The picture begins with hot young author Rory Jansen (Bradley Cooper) on his way with his beautiful wife, Dora (Zoe Saldana), to an arts-and-letters awards ceremony where he's to be feted for his best-selling novel, oddly titled The Window Tears. ("It was supposed to be a little book," Rory says, with gooey humility). It's a story about a young ex-GI – "The Young Man," he's called, played by Ben Barnes) in post-World War II Paris. He's striving to become a writer. You see him striving, but of course you don't see him thinking, creating. He takes up with a café waitress (Nora Arnezeder). They have a baby. The baby gets sick and dies. We see a doctor pulling a blanket over the little corpse in the crib. We're struck by the shamelessness of this shot.
There's been quite a bit of voiceover narration up to this point. It comes from Clay Hammond (Dennis Quaid), a famous novelist who's giving a reading of his new book, which is called The Words. This is the story of a young would-be writer named Rory Jansen. On a honeymoon trip to Paris, he comes across an old briefcase in a junk shop. His new bride, Dora, buys it for him. Back in Brooklyn, where they're leading a scuffling existence ("We don't have any money," Dora points out), Rory discovers an old manuscript tucked away in the briefcase. This is the book that was finally tapped out by the Young Man, whose café-waitress lover lost it on a train all those decades ago.
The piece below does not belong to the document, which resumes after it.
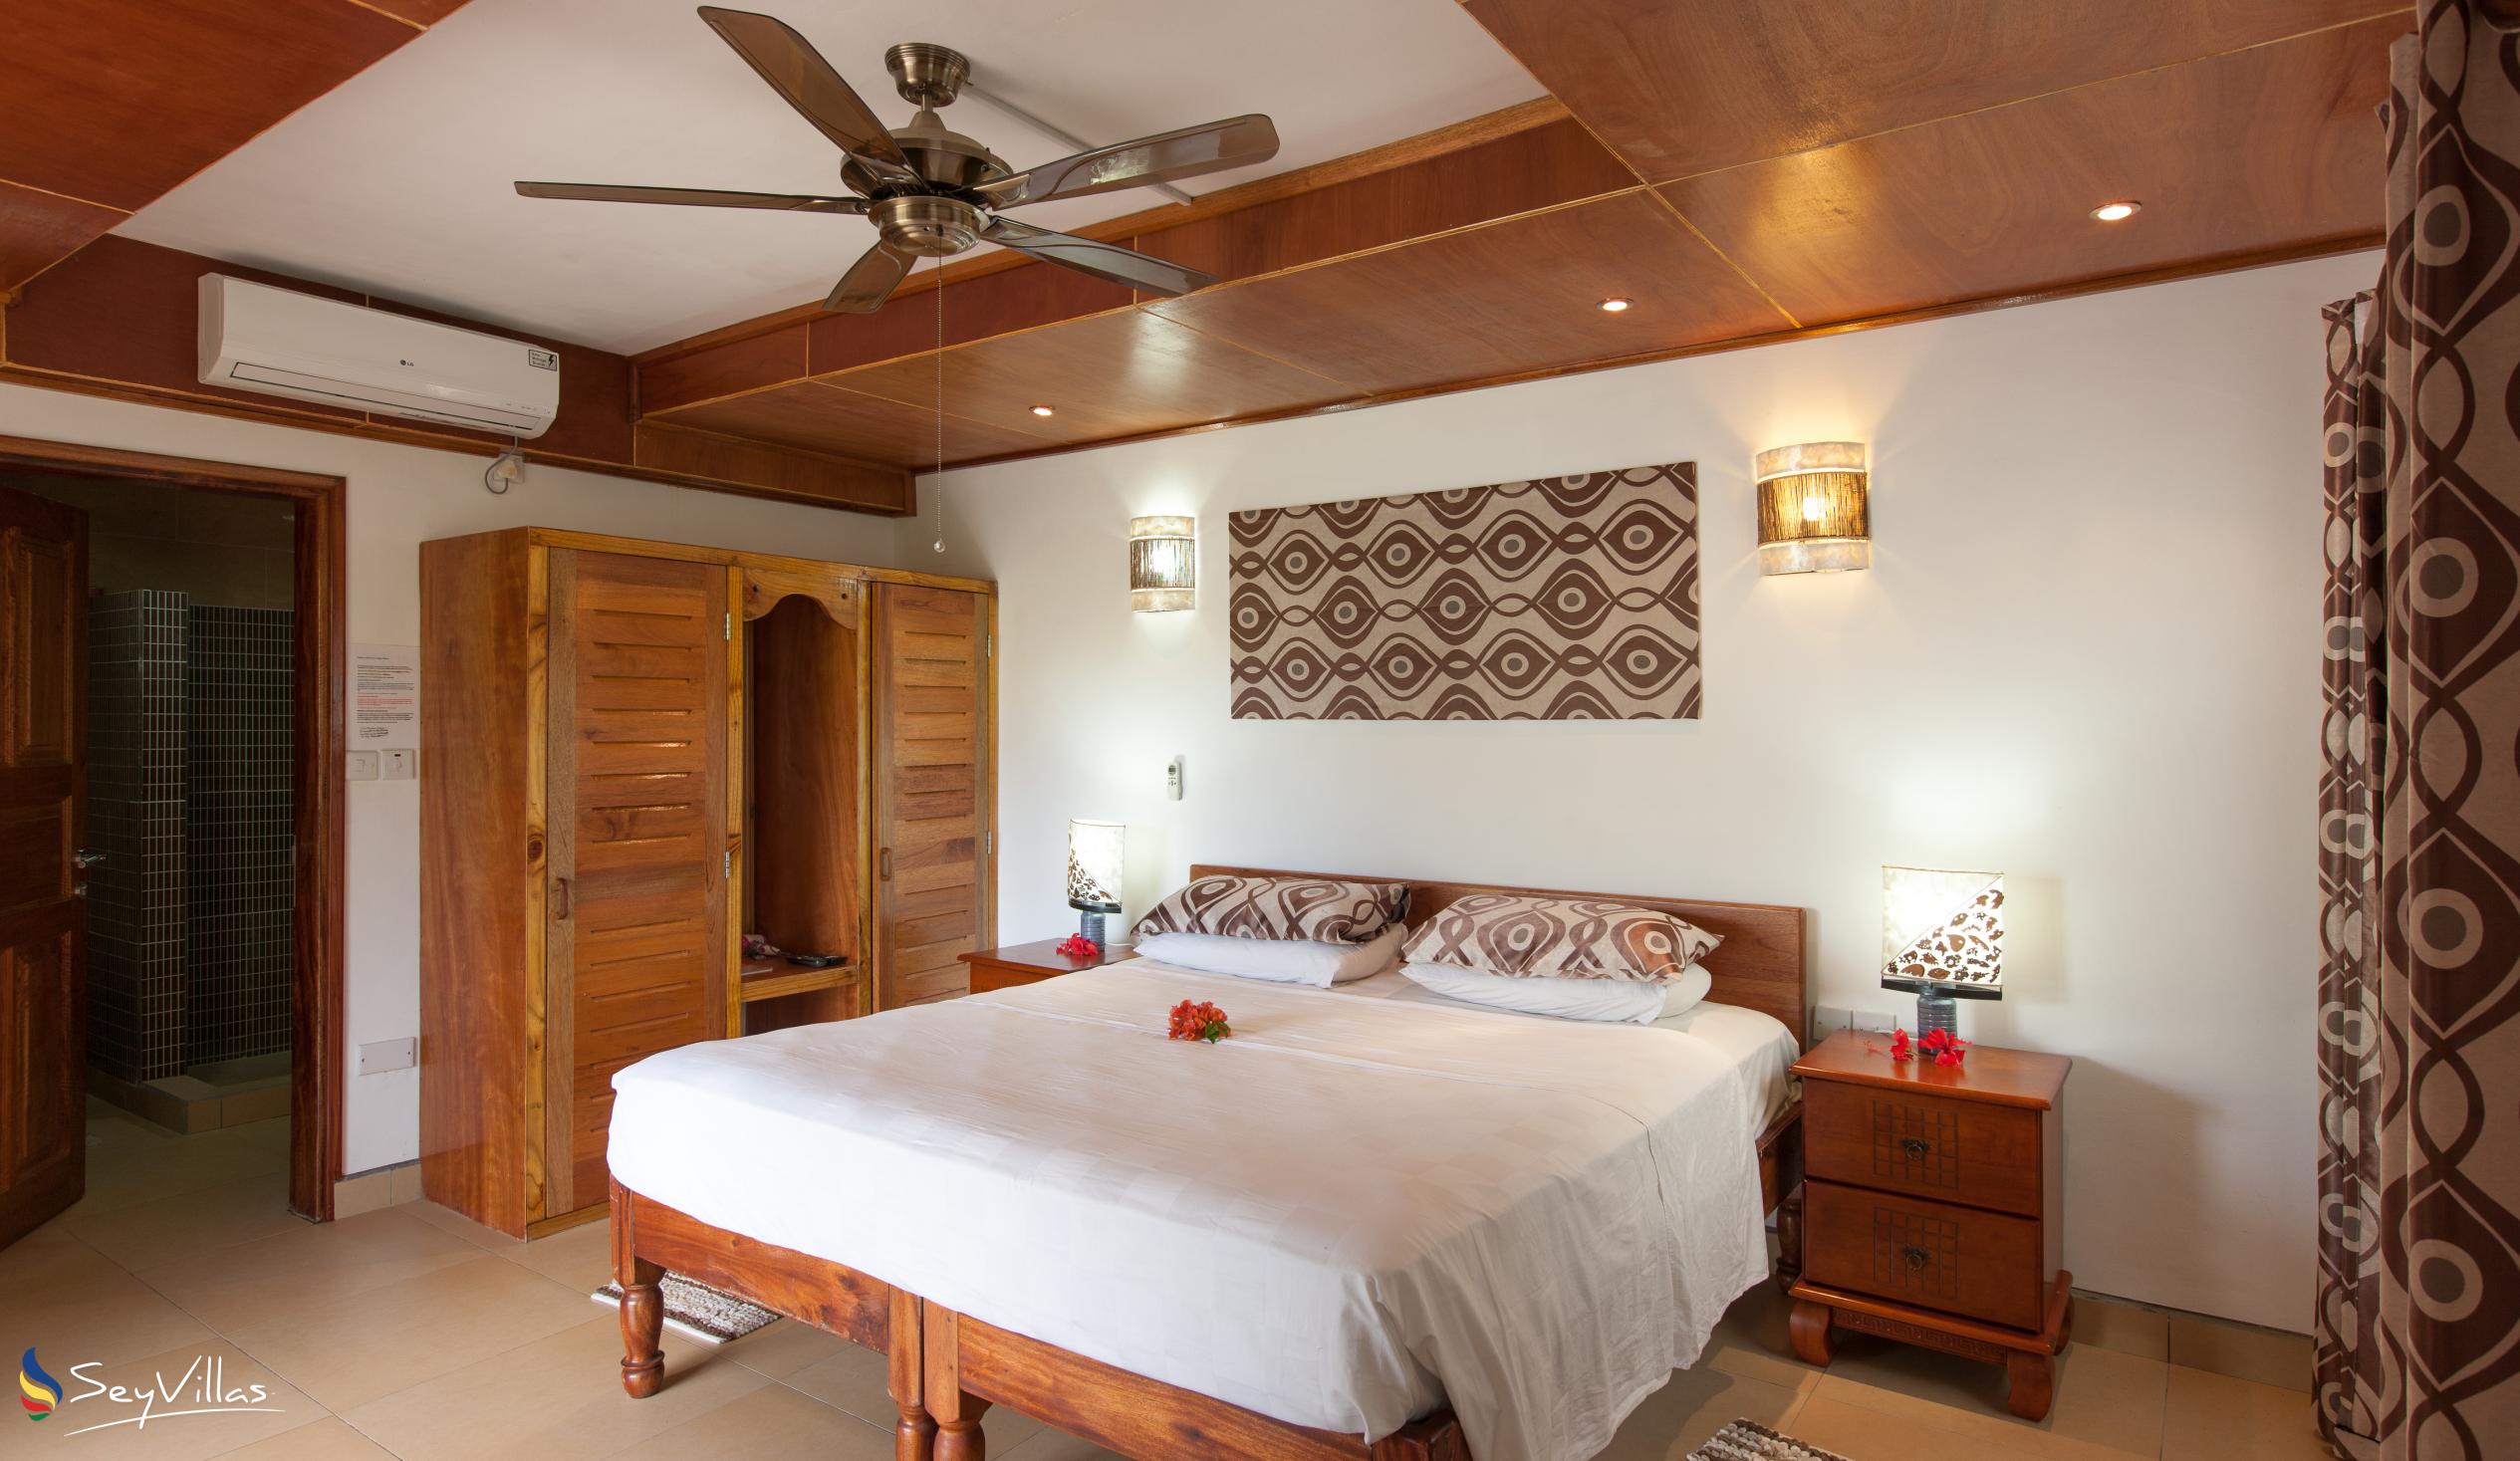 Foto 104: Sea View Lodge - Villetta su palafitte - Praslin (Seychelles)

Rory reads the manuscript, realizes it's brilliant, and proceeds to type it into his laptop, word for word. "He just wanted to feel the words pass through his fingers," Clay says, still narrating for us. Ethically torn—although not too torn—Rory takes the new manuscript to an editor at a publishing house, passing it off as his own. The editor, too, realizes the book's brilliance, and publishes it, to instant acclaim.
We've already seen that Rory is being shadowed around New York by a character called the OId Man (wrinkly Jeremy Irons), who of course is the Young Man grown…well, old. He knows that Rory's best-seller is actually his work. Is he angry? Yes. Well, sort of. Confronting Rory in a park, he tells the younger man, "You can't make this right. Things are just things." Whatever, I guess.
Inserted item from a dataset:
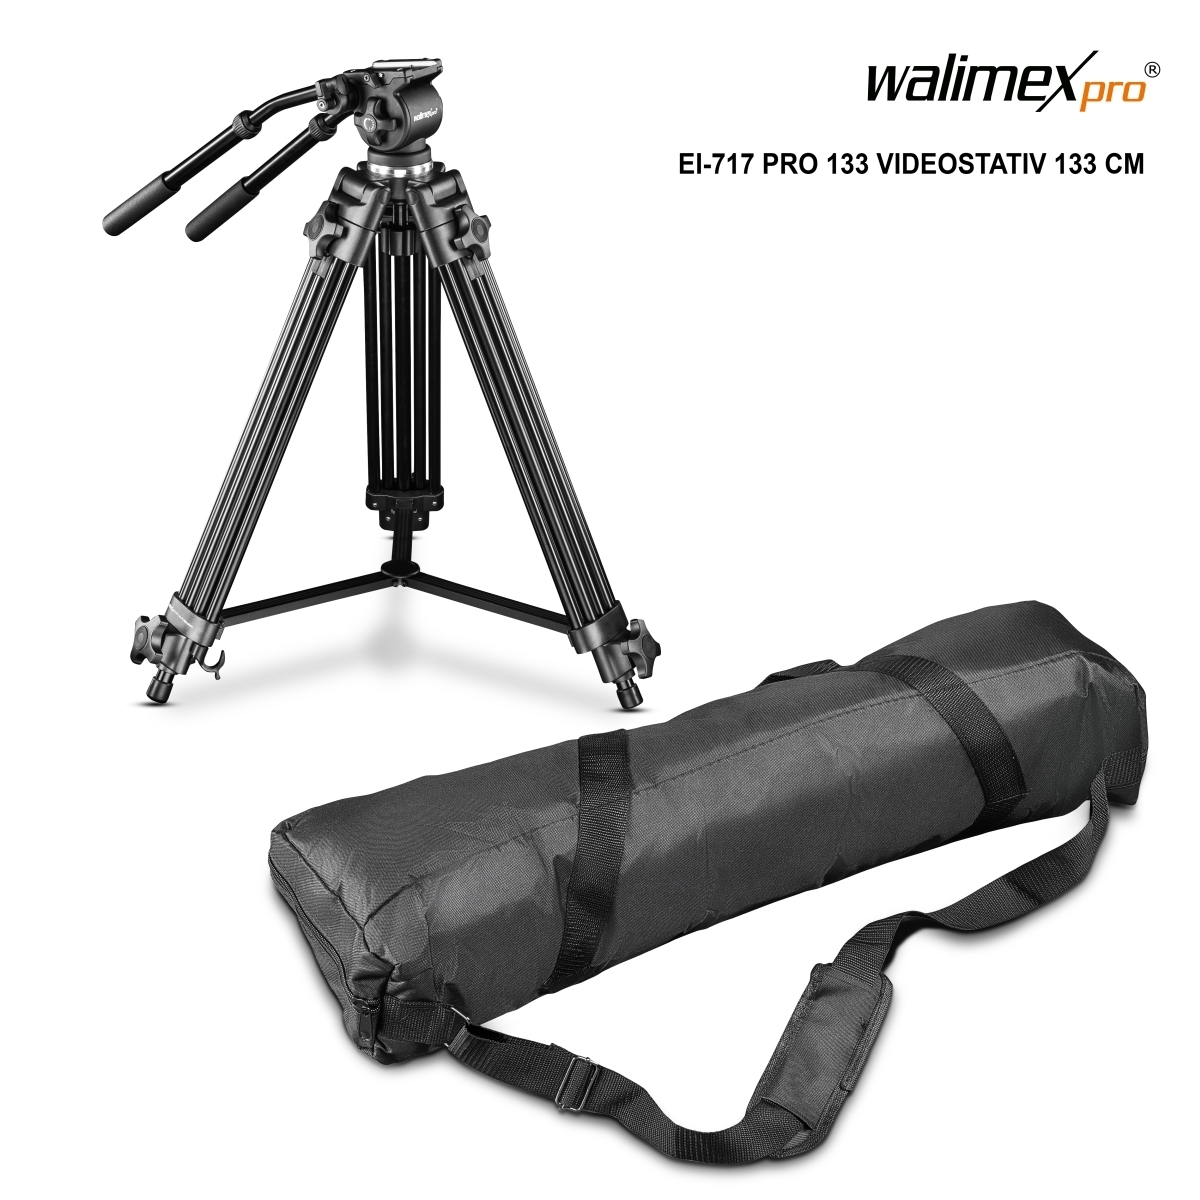 Walimex pro EI-717 Pro 133 Videostativ 133 cm mit...

Given how much story the movie is already saddled with, it was unwise to cram in a subplot about a grad-student lit groupie (Olivia Wilde) who's zeroing in on Clay. Under her questioning over a glass of wine, we see that the veteran writer is obscurely troubled about something. Is he a plagiarist, too? "We all make choices in life," he says, unhelpfully. "The hard thing is to live with them." (Even harder are the fleeting snippets of prose from the various books to which we're treated—great writing can't be faked.)
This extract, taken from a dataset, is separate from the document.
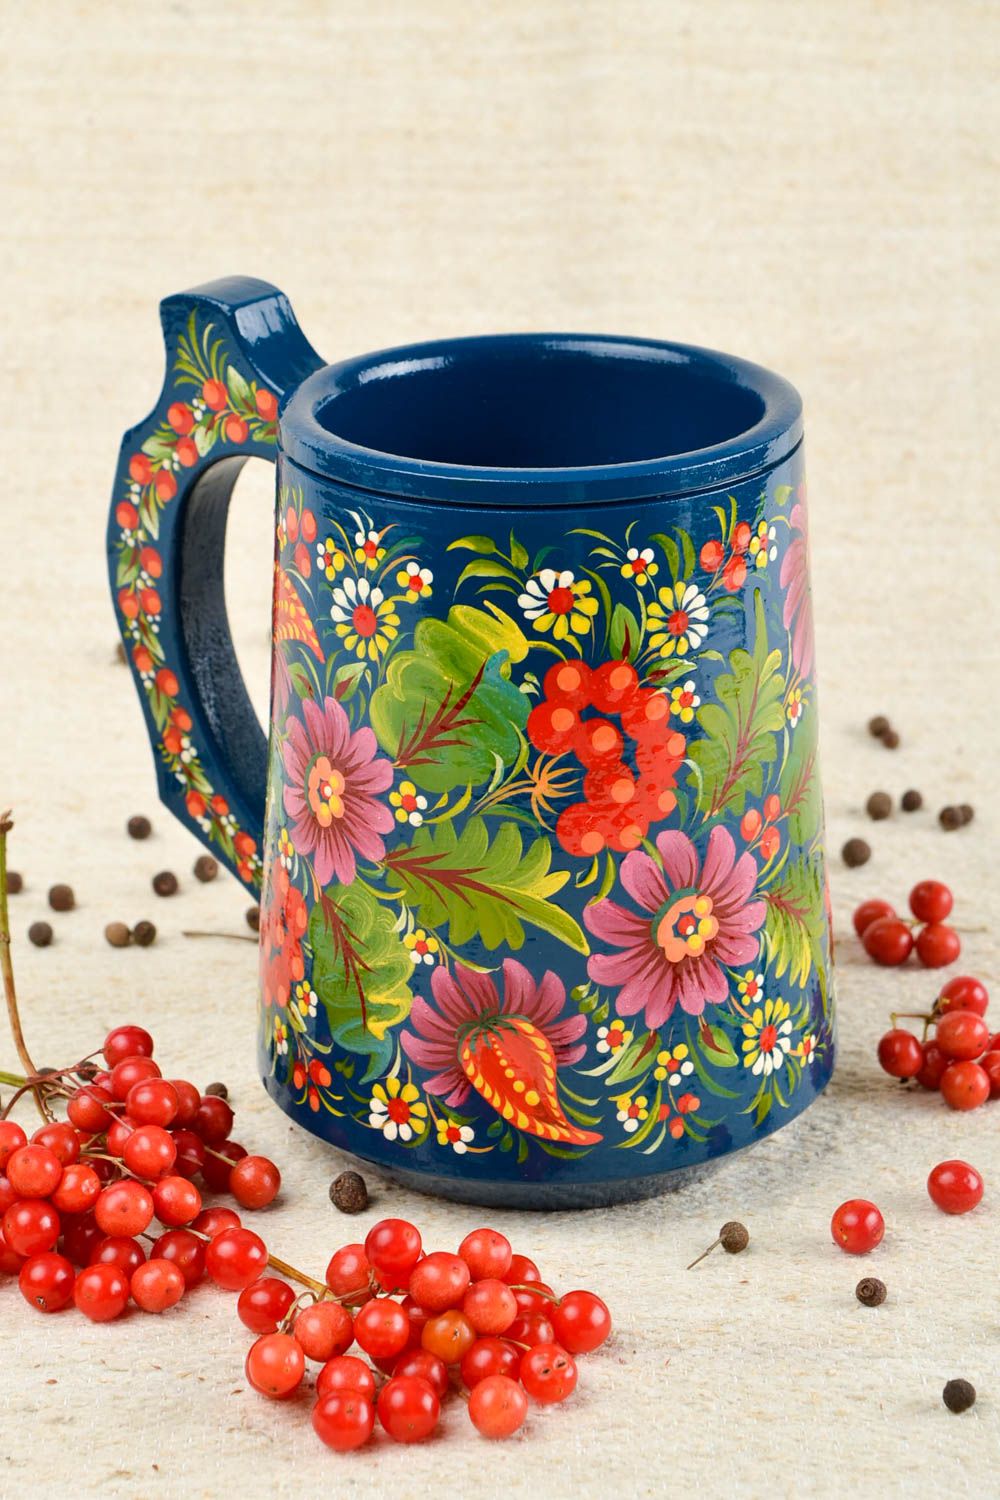 Handmade mug designer wooden glass unusual gift decorative use only decor ideas photo 1

Writer-directors Brian Klugman and Lee Sternthal achieve some nice pictorial effects of the burnished-glow variety, but the actors are adrift in the woozy story. Jeremy Irons brings some subtle emotional details to the wronged geezer, but Dennis Quaid, hobbled by a character who's never clarified, is reduced to free-floating craggy torment. And Bradley Cooper, playing a man who may or may not exist in this sappy narrative, is wasted. As the movie drifts along, we're never sure where it's going; all we know at the end is that it never got there.